▶ **Exercise requirements**: Set down, please, exactly the lines below that run from the line with "Alford Community Campus" to the line with "El Ayuntamiento de", both lines included.

▶ **Data extract**:
++++

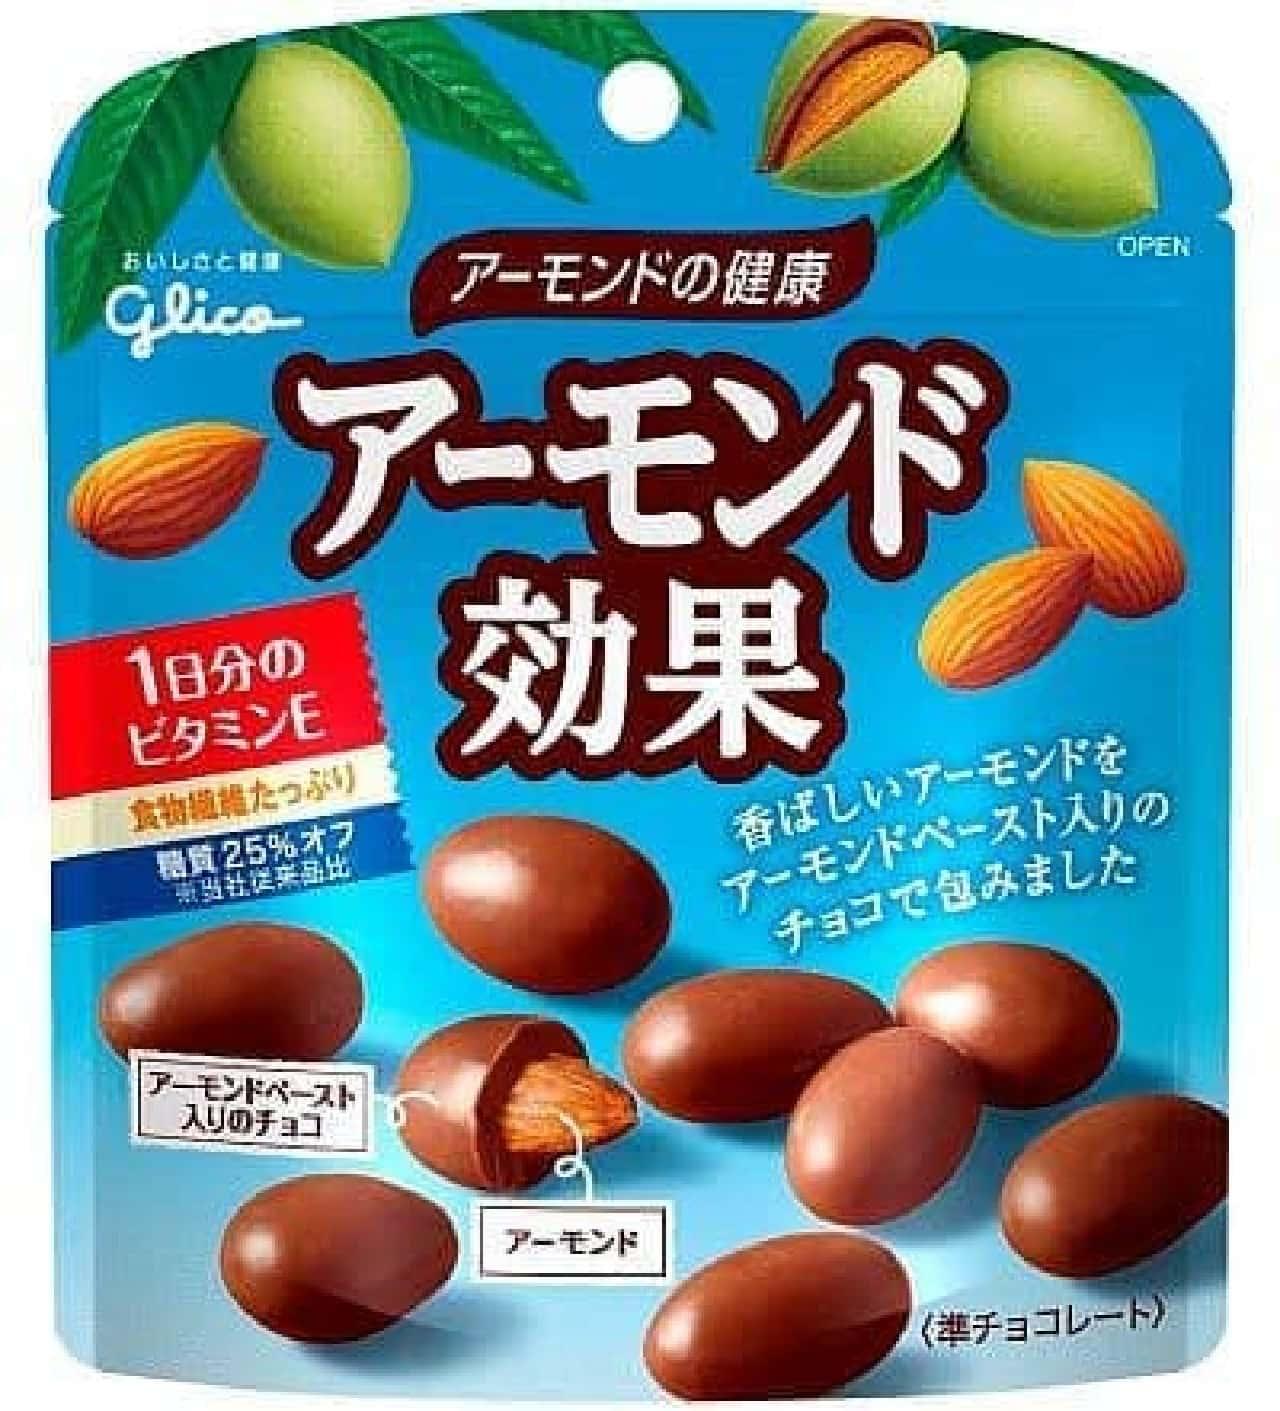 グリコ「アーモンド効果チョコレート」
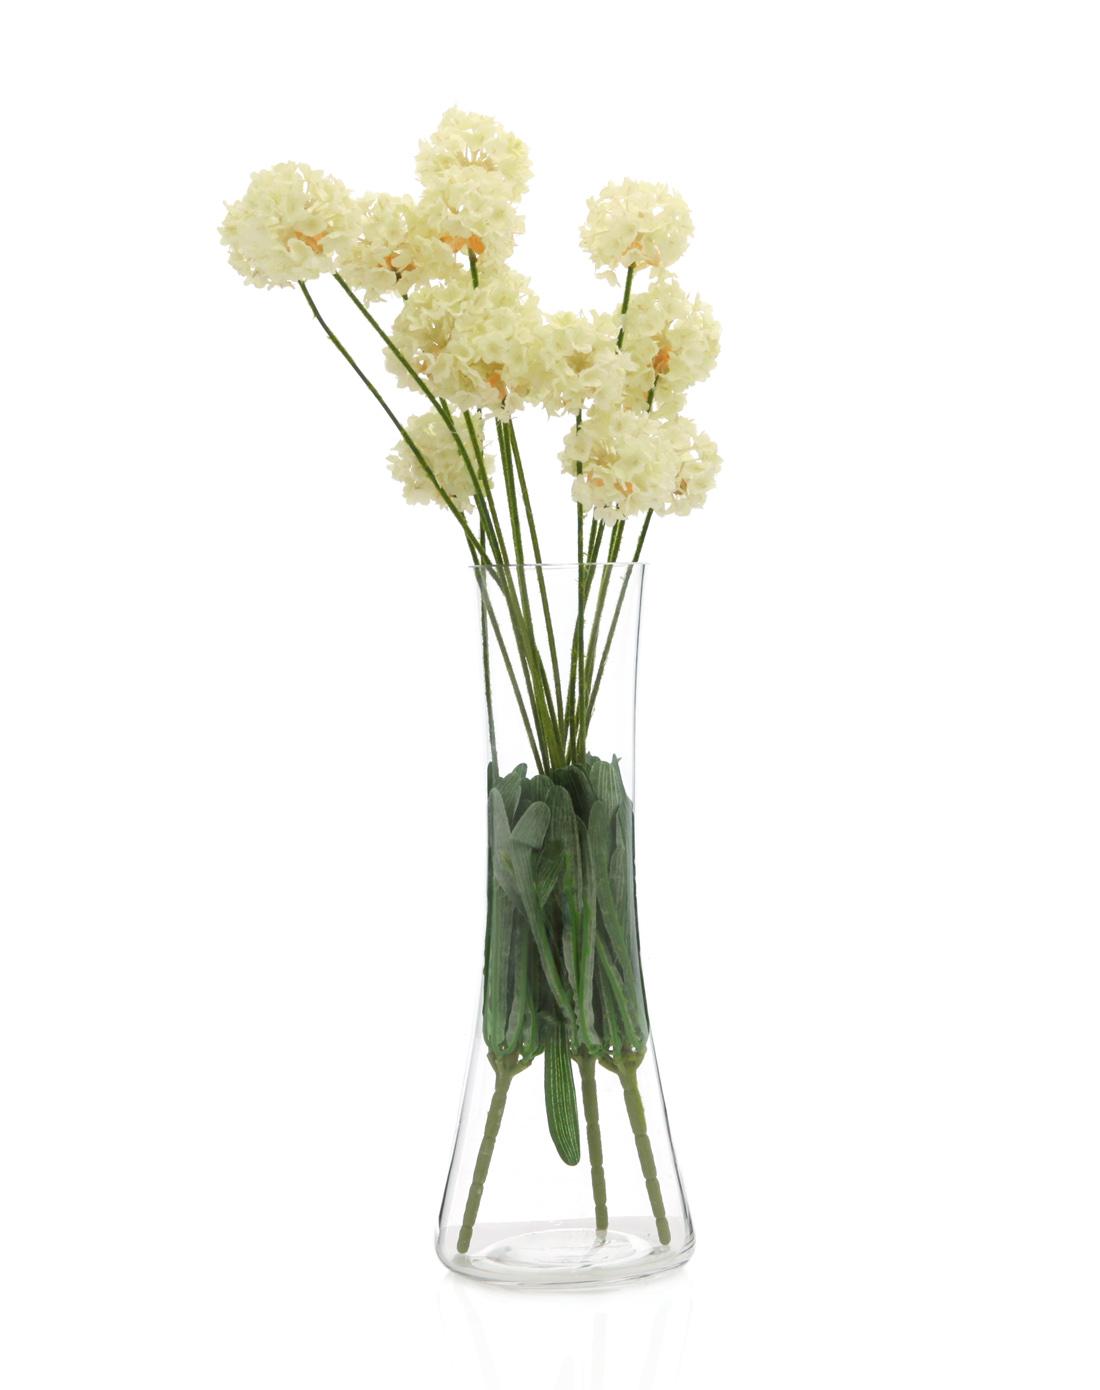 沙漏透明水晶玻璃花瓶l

++++

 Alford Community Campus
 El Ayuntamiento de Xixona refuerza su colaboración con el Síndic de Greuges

++++

▶ **Written response**:
 Alford Community Campus
 El Ayuntamiento de Xixona refuerza su colaboración con el Síndic de Greuges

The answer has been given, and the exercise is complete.